GIVEN DATA ->

Segment Open

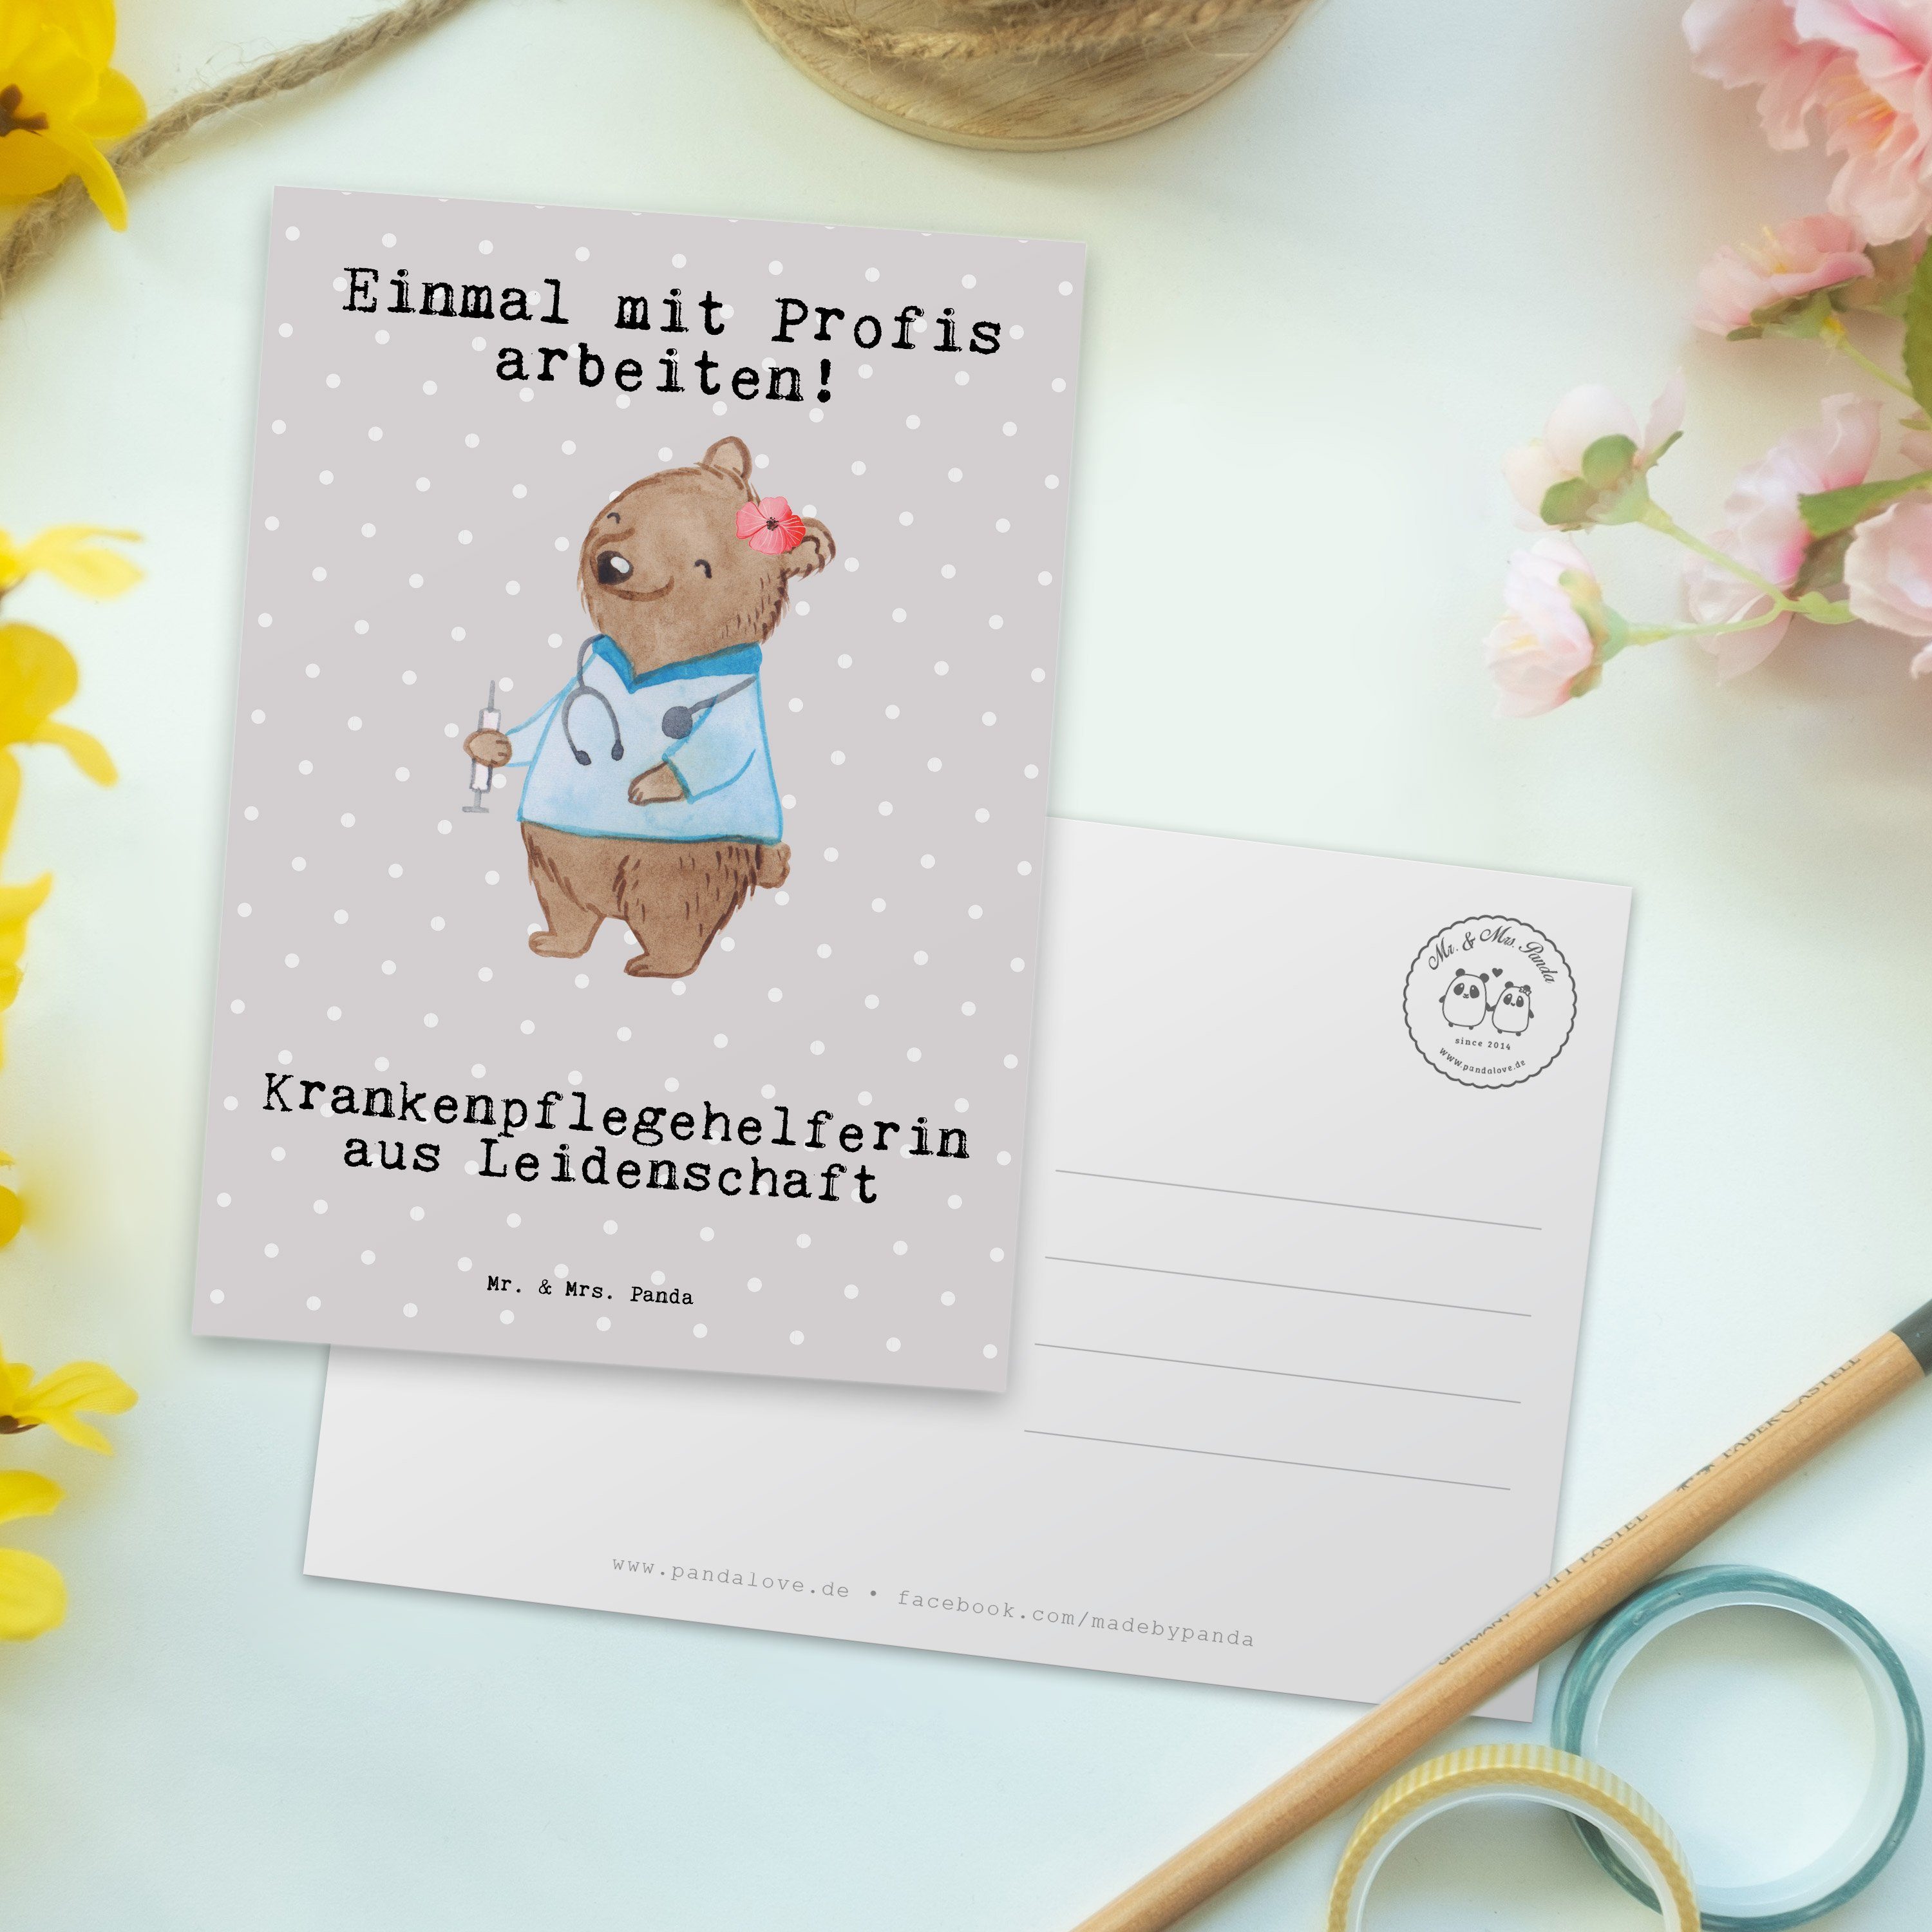 Mr. & Leidenschaft aus Postkarte Mrs. Panda Sch Grau Krankenpflegehelferin - Geschenk, - Pastell
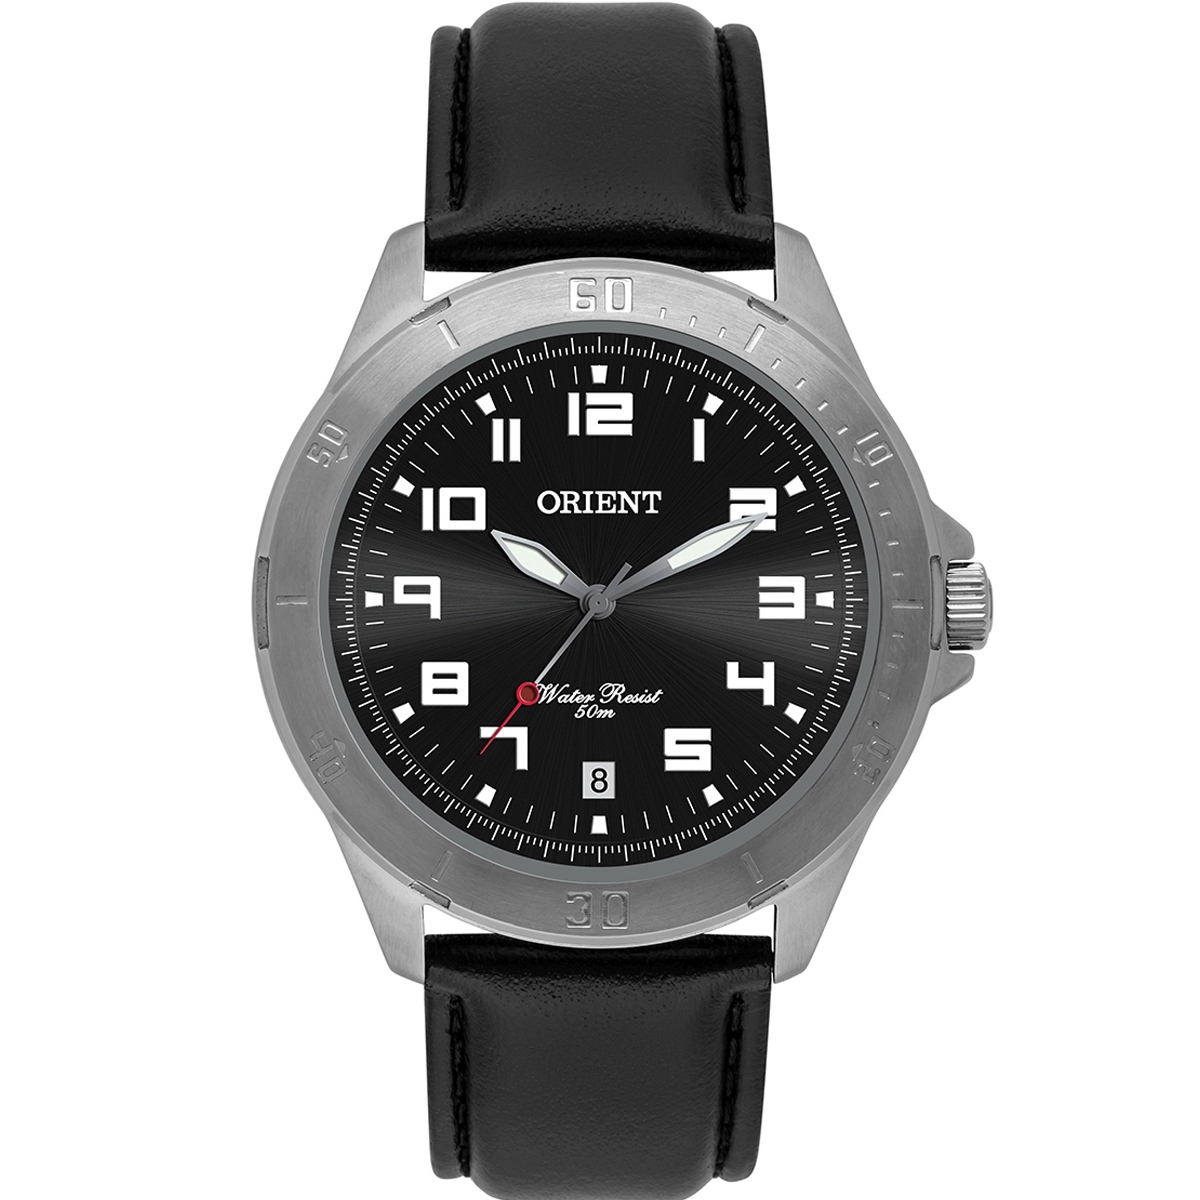 Relógio Orient Masculino Prata MBSC1032 G2PX
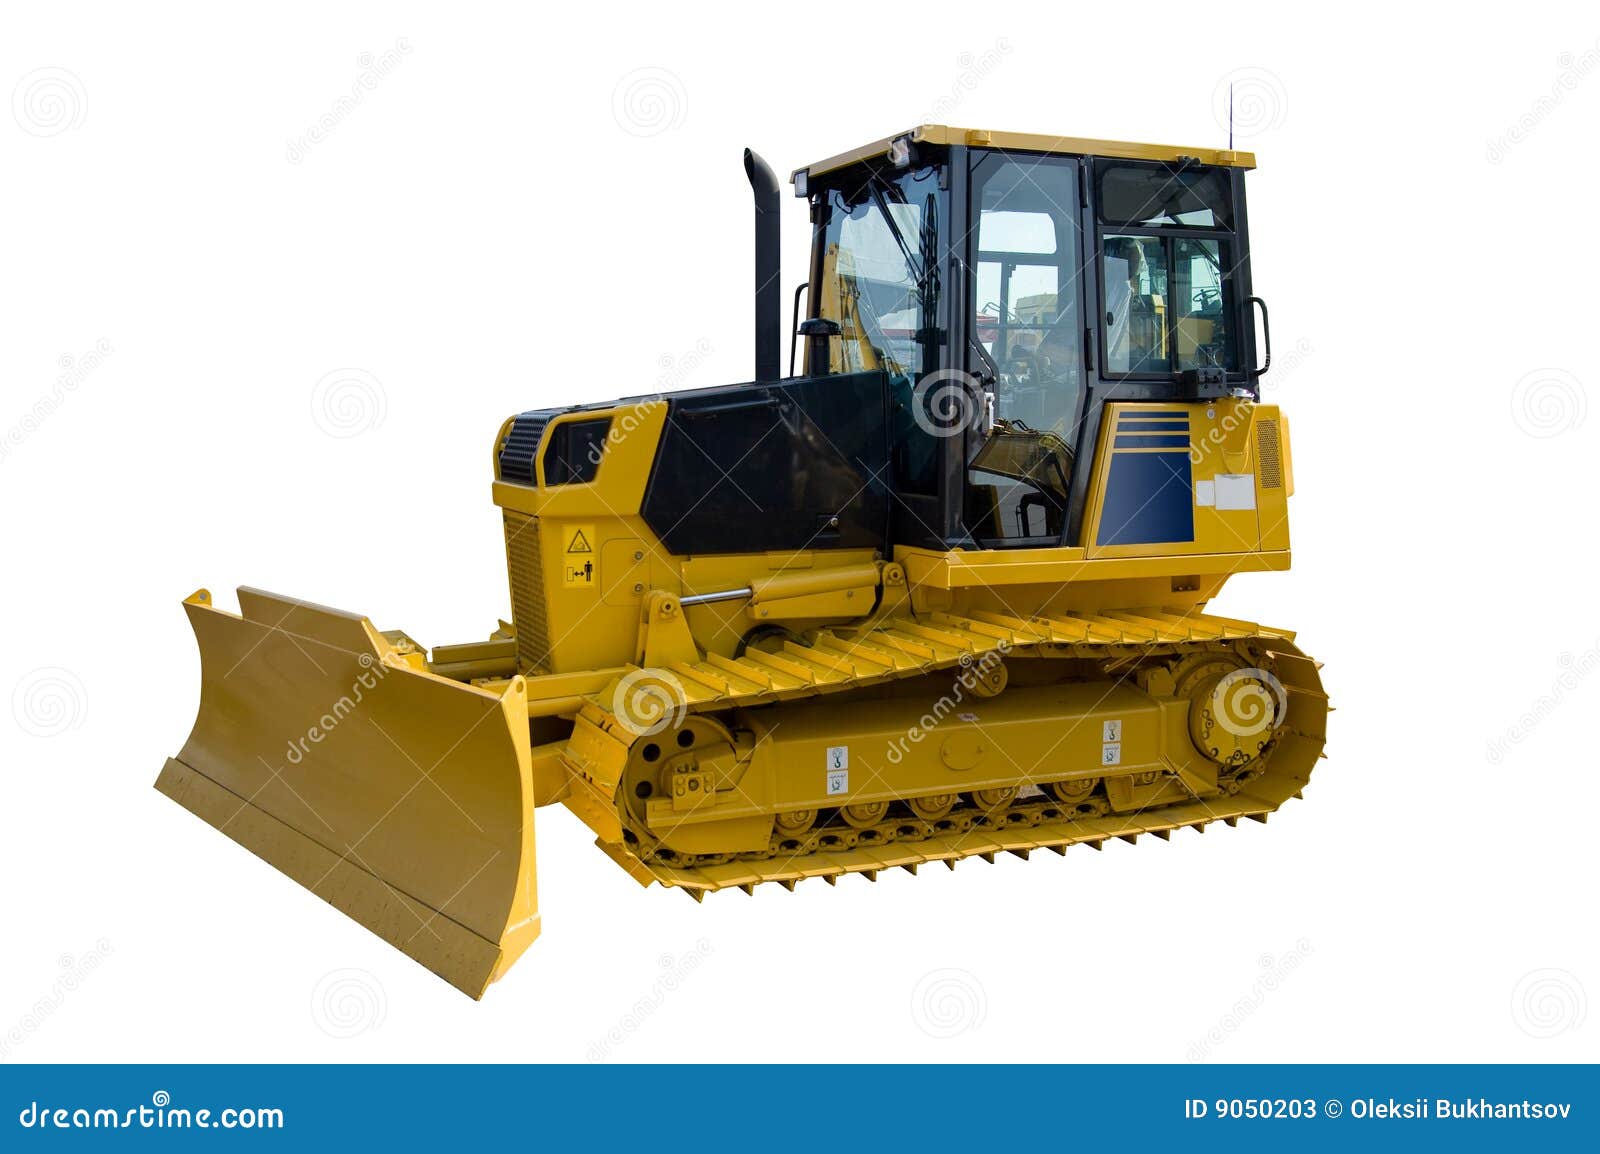 new yellow bulldozer
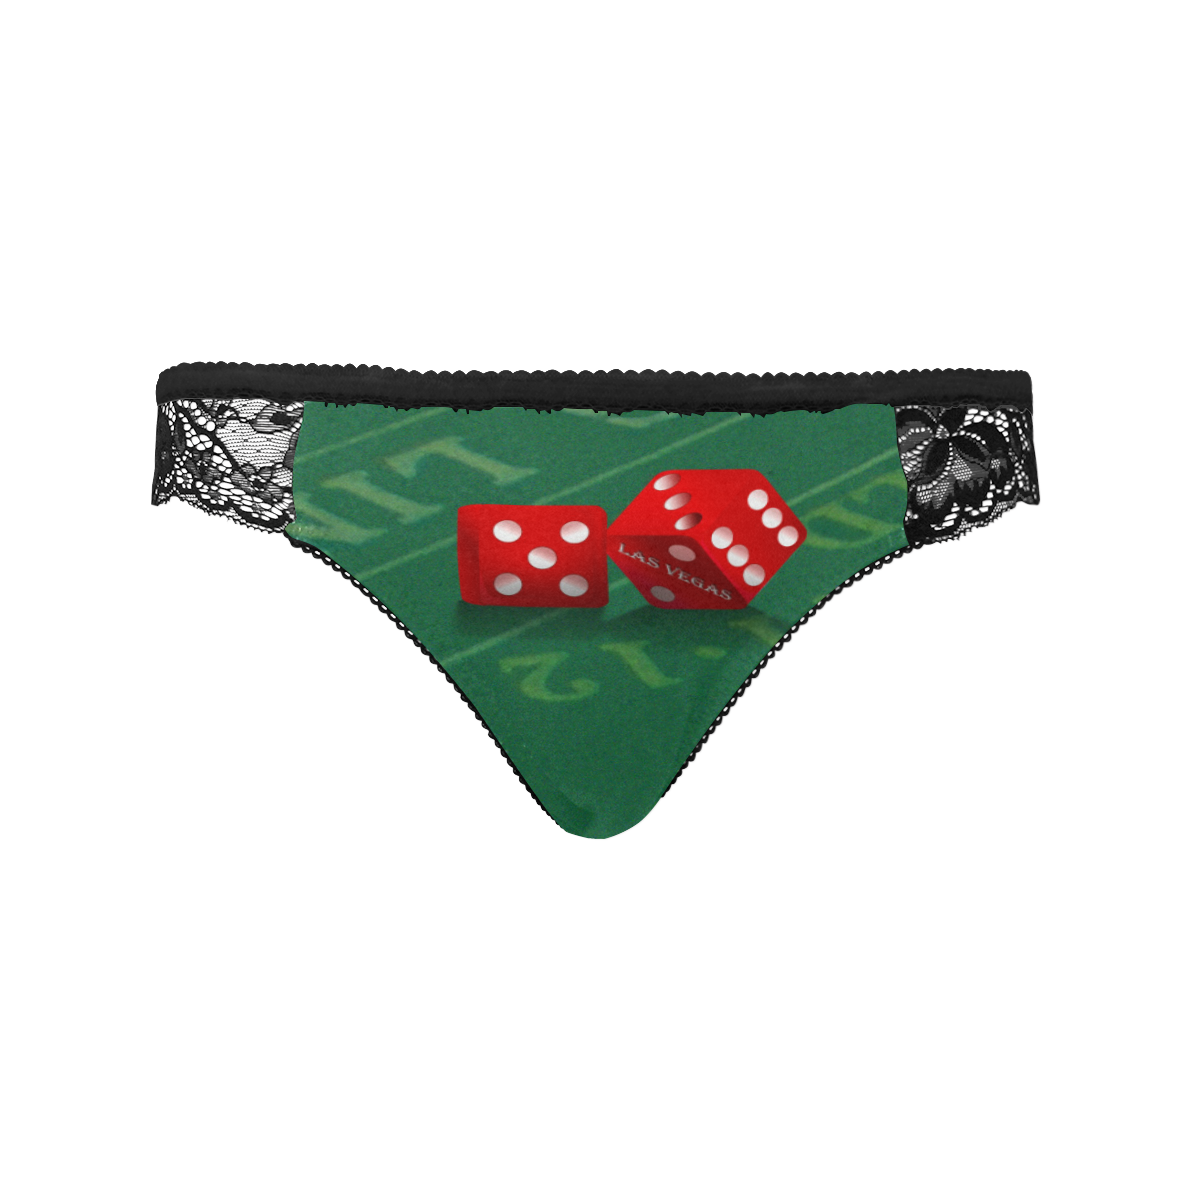 Las Vegas Dice on Craps Table Women's Lace Panty (Model L41)

Segment Closed

REQUIRED ACTION ->
What is needed is the data above, retyped exactly, with every picture left out.

EXERCISE OUTPUT ->
 Mr. & Leidenschaft aus Postkarte Mrs. Panda Sch Grau Krankenpflegehelferin - Geschenk, - Pastell
 Relógio Orient Masculino Prata MBSC1032 G2PX
 new yellow bulldozer
 Las Vegas Dice on Craps Table Women's Lace Panty (Model L41)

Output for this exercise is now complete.